They don’t really usually ask for course materials, but they do frequently ask about areas of courses that could be improved, could be not improved, could be changed, could not be changed. And so we have that and that’s very, very useful because they’re not necessarily giving us direct, “Hey, you should change this or you should add this,” or, “Hey, did you guys hear about this?” Most of the time it’s not low level, “Hey, make sure you have a unit on cyber ethics or make sure you have …” It’s not like that, but it’s like, “Hey, this type of thing has become really important.”
We really need to see students that graduate that have this skill. Especially when it comes to system administration, that’s been the one course that I feel like they want to break open the most. I don’t know, I feel like sometimes with system administration, can you really teach everything in one course, right? So when they talk about SQL, data mining, elements of SQL that comes into play because frequently we teach our database course generically because you do with have a computer science and cybersecurity program.
So when we talk about SQL injection attacks, we have to talk about this type of attack has become kind of common. Do you include this thing? So they’ll frequently add or provide us feedback with the information, provide us feedback with our curriculum.

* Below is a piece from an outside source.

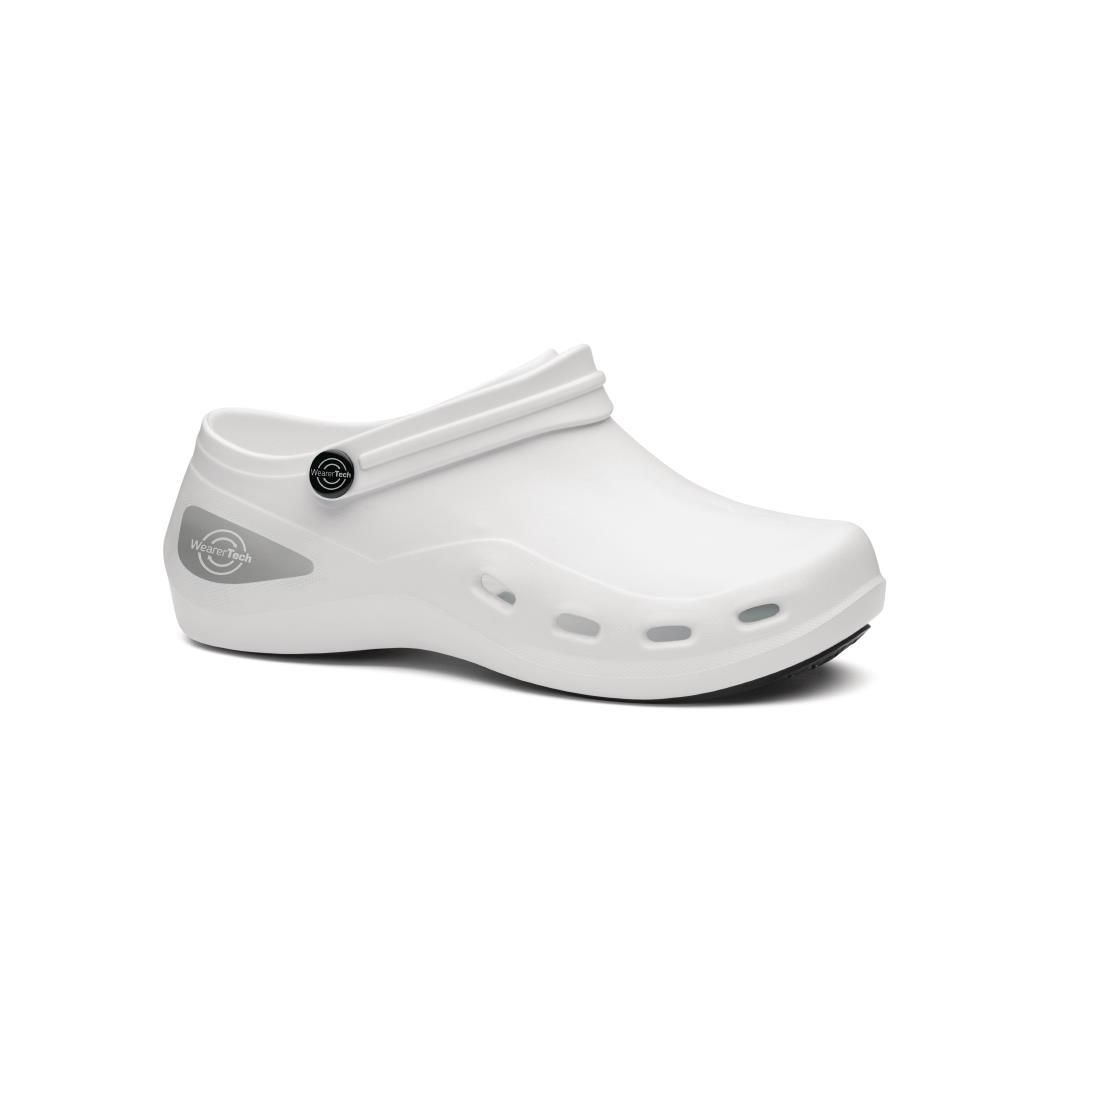 WearerTech Unisex Invigorate White Safety Shoe Size 6 - BB199-39.5  - 1

And typically we do an assessment as well.
So we look at our course objectives because that’s mostly what they’re looking at is course objectives and high level things. We look at our course objectives and we’re required to do this by the center academic excellence. We regularly review our curriculum, regularly review how we’re teaching, regularly review how the students are doing to make sure we’re actually teaching what we’re say we’re teaching. It’s not enough to just say we’re teaching the stuff.
We have to actually prove it. And so we do regular assessment yearly and what is the right word? Semi-annually, so that we verify that we’re actually teaching what we say we’re teaching. So in addition to them going in and looking at our objectives and saying, “This is good, but we need you to also teach this.” We do that and we modify our courses accordingly as much as we can. But then we also regularly review our courses to make sure we’re actually teaching what we say we’re teaching.
That’s interesting to me. Do you find that that varies quite a bit? I guess what I’m thinking here is that threats and vulnerabilities seem to evolve quite rapidly in industry and the focus of cyber defenders seems to change a lot.
So we’re one month we’re looking at supply chain, open source code, right next month we’re looking at something else. So it would be hard for an academic institution to try and react to those things that quickly.
But if you take a step back and take a bigger look at it, have you seen it change quite a bit over the years? What they’re asking for you to teach students that are ready to go to work?
Michael Ruth:
No, I think they give us an overview. When you look at individual like low, so from a 5 feet point of view, you’re looking for way from five feet, typical, what, average height of a human, right? Five feet away, you look at that level, that would change very rapidly all the time. An actual cybersecurity professional.
But if you give it a hundred feet or a thousand foot view, that’s not changing as much. And as a result, that’s kind of what we’re teaching when we do our attacks, when we do our cyber … I’m trying to think of the word. Now, I can’t remember, I still forgot the word. Ethical hacking is 3:35 is our course. When we do that, those types of attacks change drastically from semester to semester, right?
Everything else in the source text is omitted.